# EXERCISE DIRECTIONS:
Repeat word for word the lines from the one containing "Adidas Superstar Shoes Australia Iconic" to the end of the material below, and leave all pictures out.

# COLLECTED DATA:

*** Block opens ***

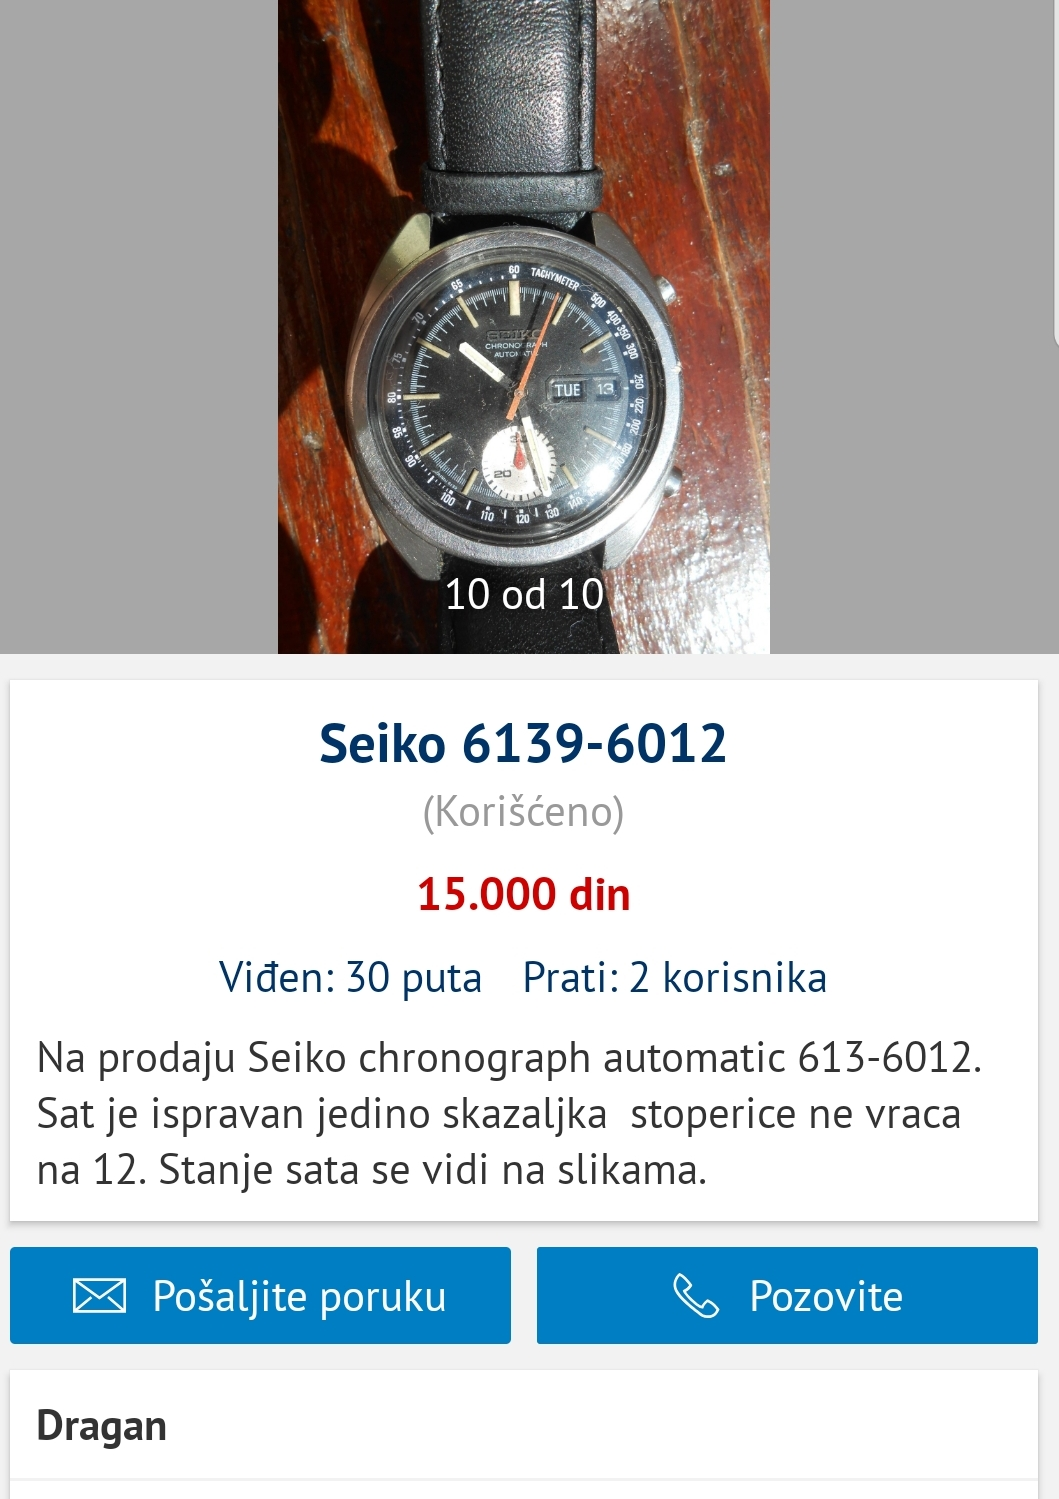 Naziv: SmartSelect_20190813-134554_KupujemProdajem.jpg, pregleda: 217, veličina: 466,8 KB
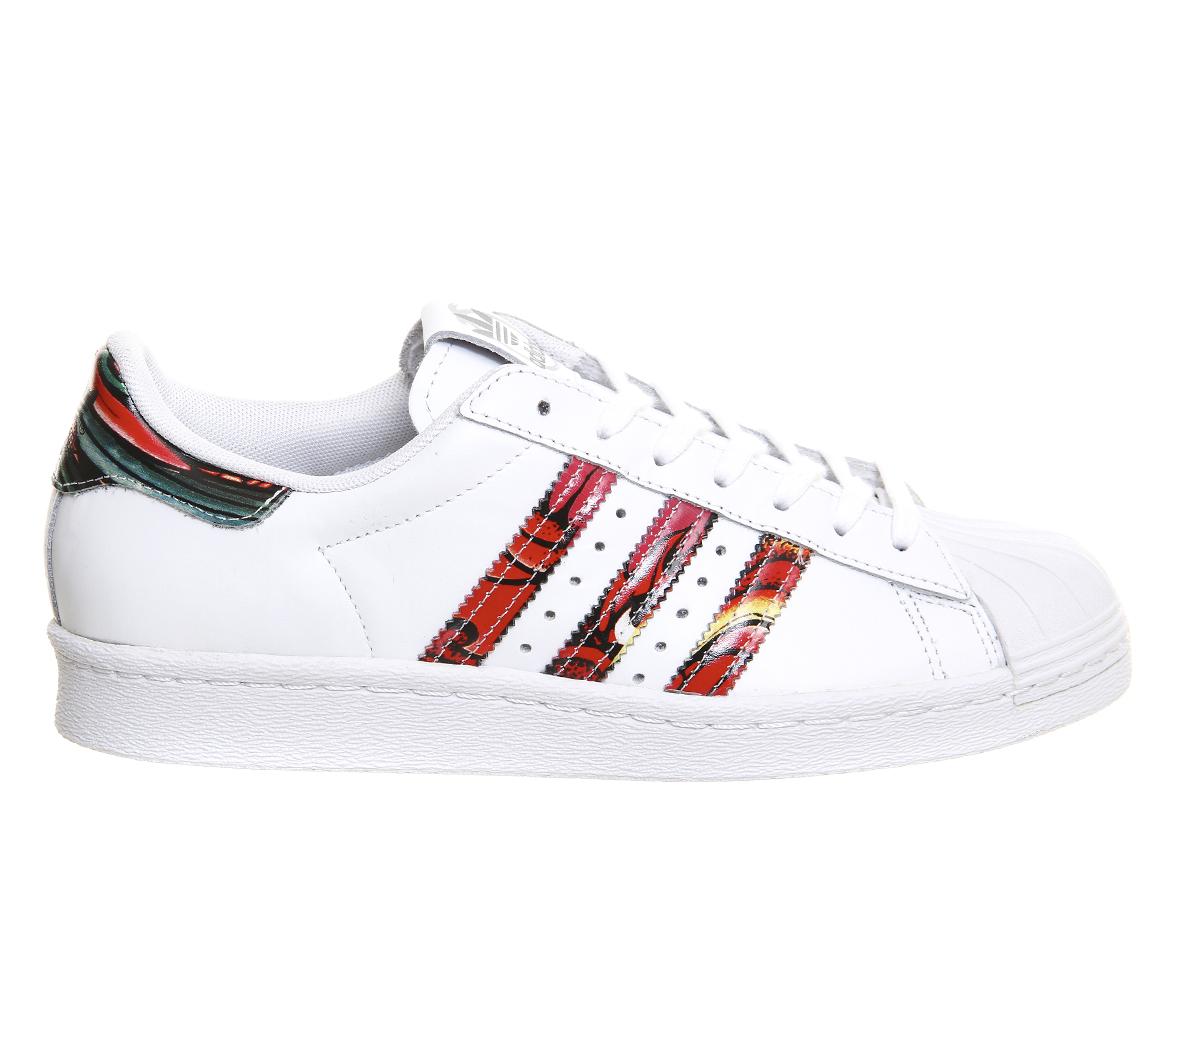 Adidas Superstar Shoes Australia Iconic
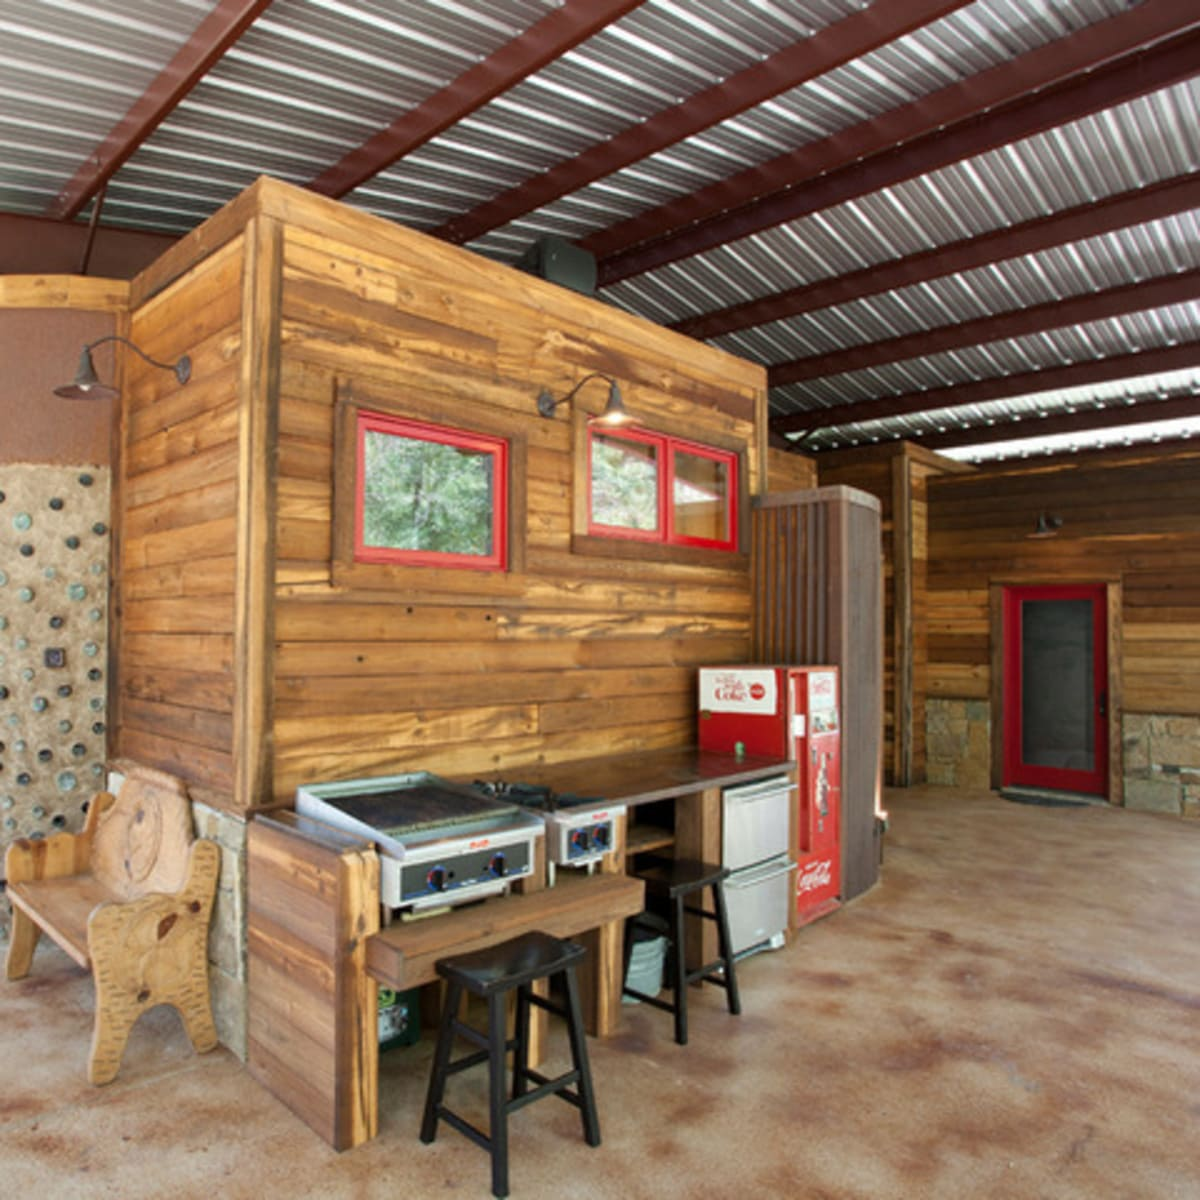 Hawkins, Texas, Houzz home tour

*** Block closes ***

# TASK OUTPUT:
 Adidas Superstar Shoes Australia Iconic
 Hawkins, Texas, Houzz home tour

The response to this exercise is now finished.